Populist parties will frame Brussels as complicit in Washington’s coercion and
incapable of defending national interests. And despite its ideological
affinities with the U.S., Europe’s far right won’t have any qualms with turning
on its ideological bedfellows in the White House. Germany’s Alternative for
Germany and France’s National Rally are already exploiting anger over the deal
and are calling for a loosening of transatlantic ties.
Brussels needs to be prepared for the battles ahead. | Brendan Smialowski/AFP
via Getty Images
Next, when it comes to security, the U.S.–EU decoupling that’s already in motion
will only accelerate.
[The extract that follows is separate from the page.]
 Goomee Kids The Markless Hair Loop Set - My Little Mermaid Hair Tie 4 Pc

France and Germany are currently reviving proposals for a
European Security Council, accelerating cooperation under Permanent Structured
Cooperation and weighing investment in a European Defense Fund. Public opinion
is shifting too. Majorities in Germany and France now support greater autonomy
in defense planning and procurement, with pluralities favoring a European army.
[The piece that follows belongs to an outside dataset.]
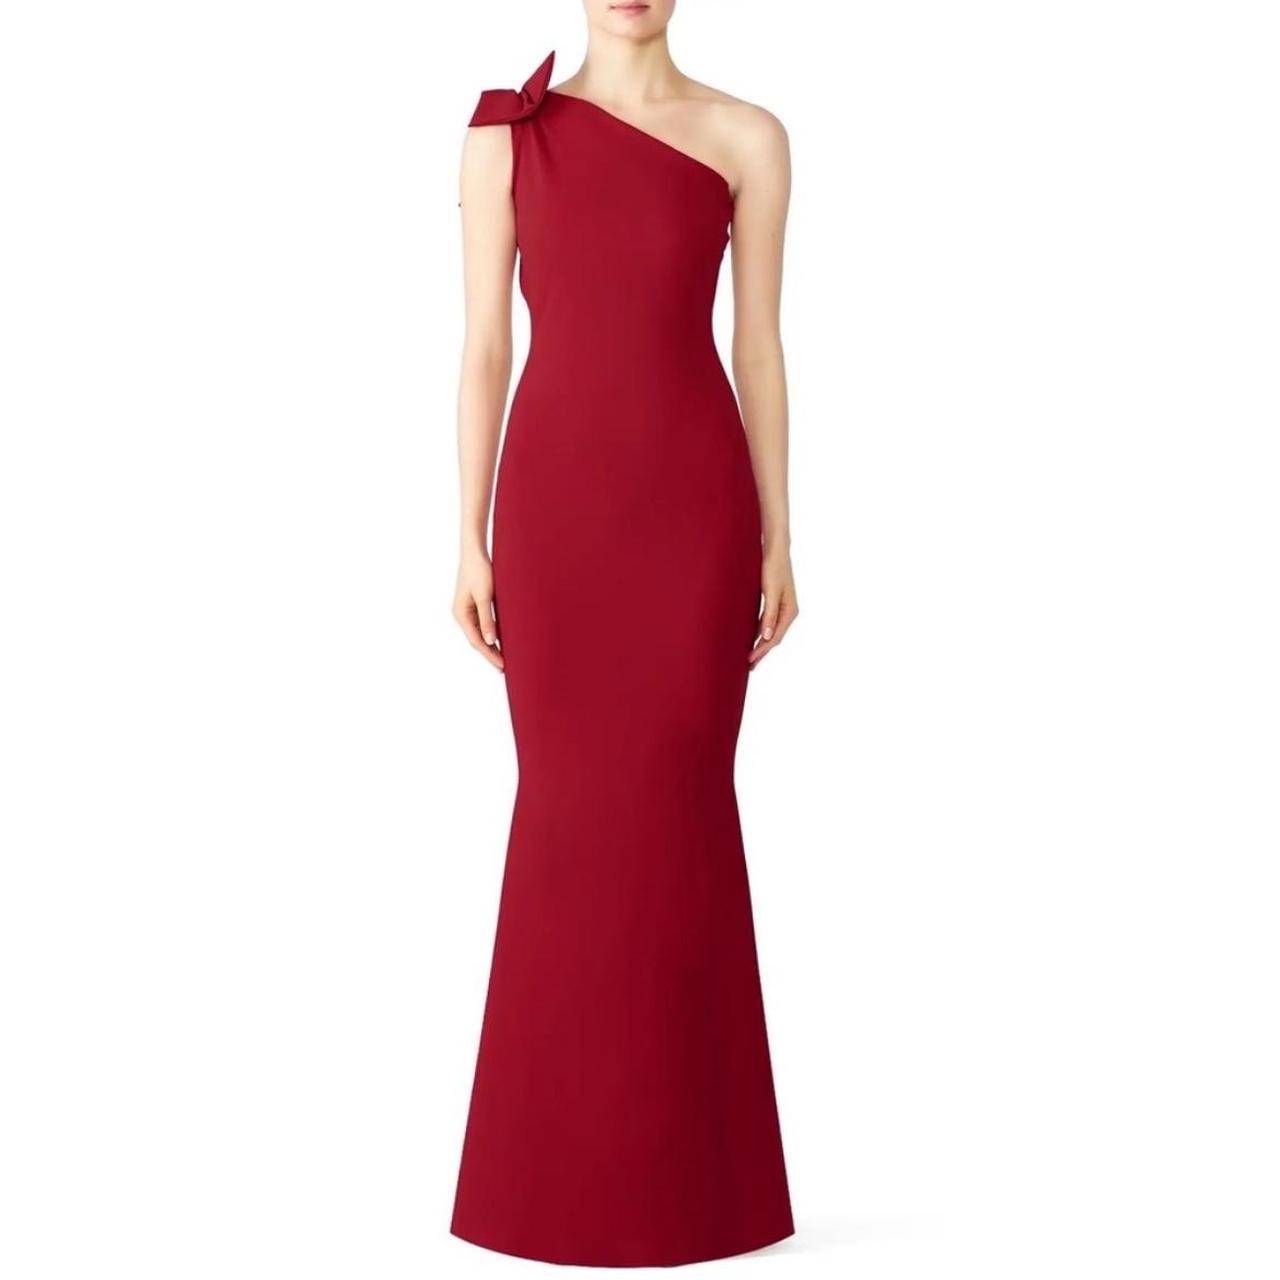 Chiara Boni La Petite Robe Women's Red Dress

Even staunchly Atlanticist Poland is moving away from reflexive alignment with
Washington.
Finally, there’s the fact that, sooner or later, markets will wake up to the
implications of this global reordering. So far, they’ve largely shrugged it off,
treating Turnberry as theater, and investors have priced in volatility without
grasping the deeper structural shift underway. But if capital flows start
reflecting the risk of permanent transatlantic divergence — on currency regimes,
regulatory frameworks and trade access — the spiral could be swift. And unlike
the 2008 financial crisis, the shock wouldn’t be easily sutured.
Europe isn’t powerless here. It retains economic scale, regulatory clout and
unused tools — but it must be prepared to use them.
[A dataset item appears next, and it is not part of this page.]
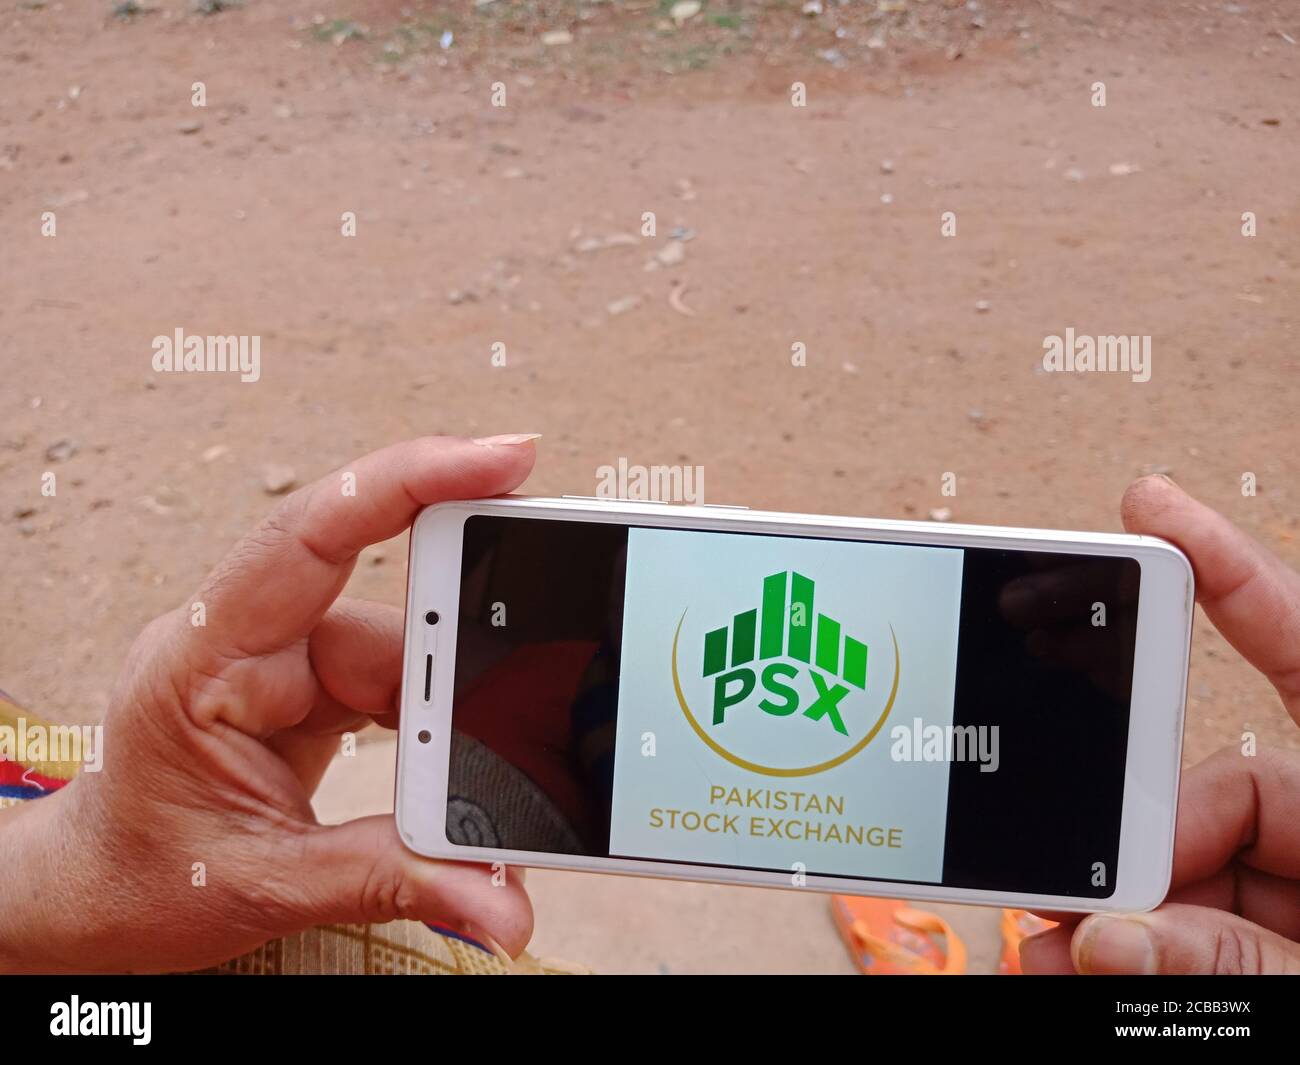 DISTRETTO KATNI, INDIA - 02 GIUGNO 2020: Una donna indiana che detiene smartphone con visualizzazione del logo della Borsa di Pakistan sullo schermo, moderno settore bancario Foto Stock
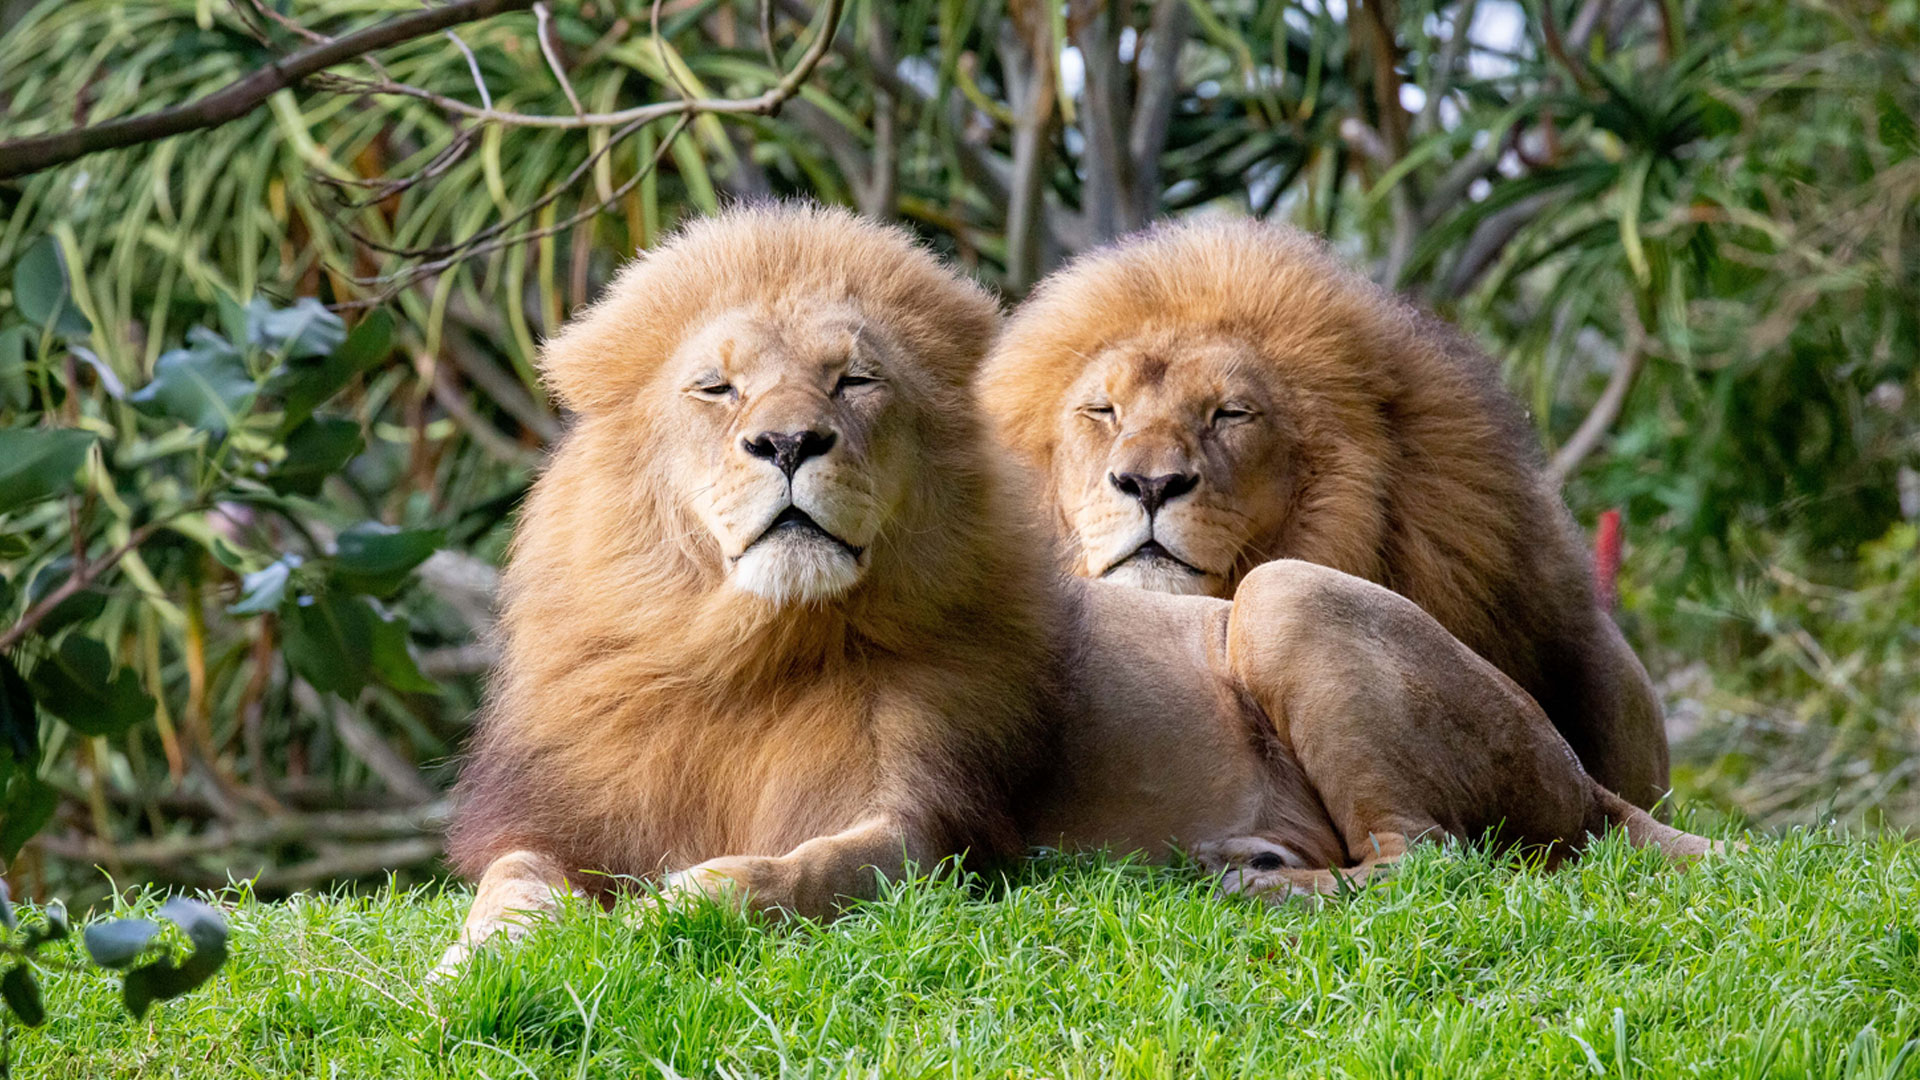 https://cdn.aucklandunlimited.com/zoo/assets/media/lions-malik-zulu-gallery-1.jpg

This means treating economic security like national security, and embedding
defense autonomy, energy resilience and technological sovereignty into a unified
strategic doctrine. It also means strengthening Europe’s defenses against
asymmetric coercion. Brussels’s Anti-Coercion Instrument, a trade tool meant to
counter economic blackmail by imposing targeted measures on U.S. service
providers, was a step in the right direction — even if it ultimately wasn’t
deployed. Now, the EU must also build legal firewalls against extraterritorial
enforcement and deploy its regulatory power to actively shape global norms.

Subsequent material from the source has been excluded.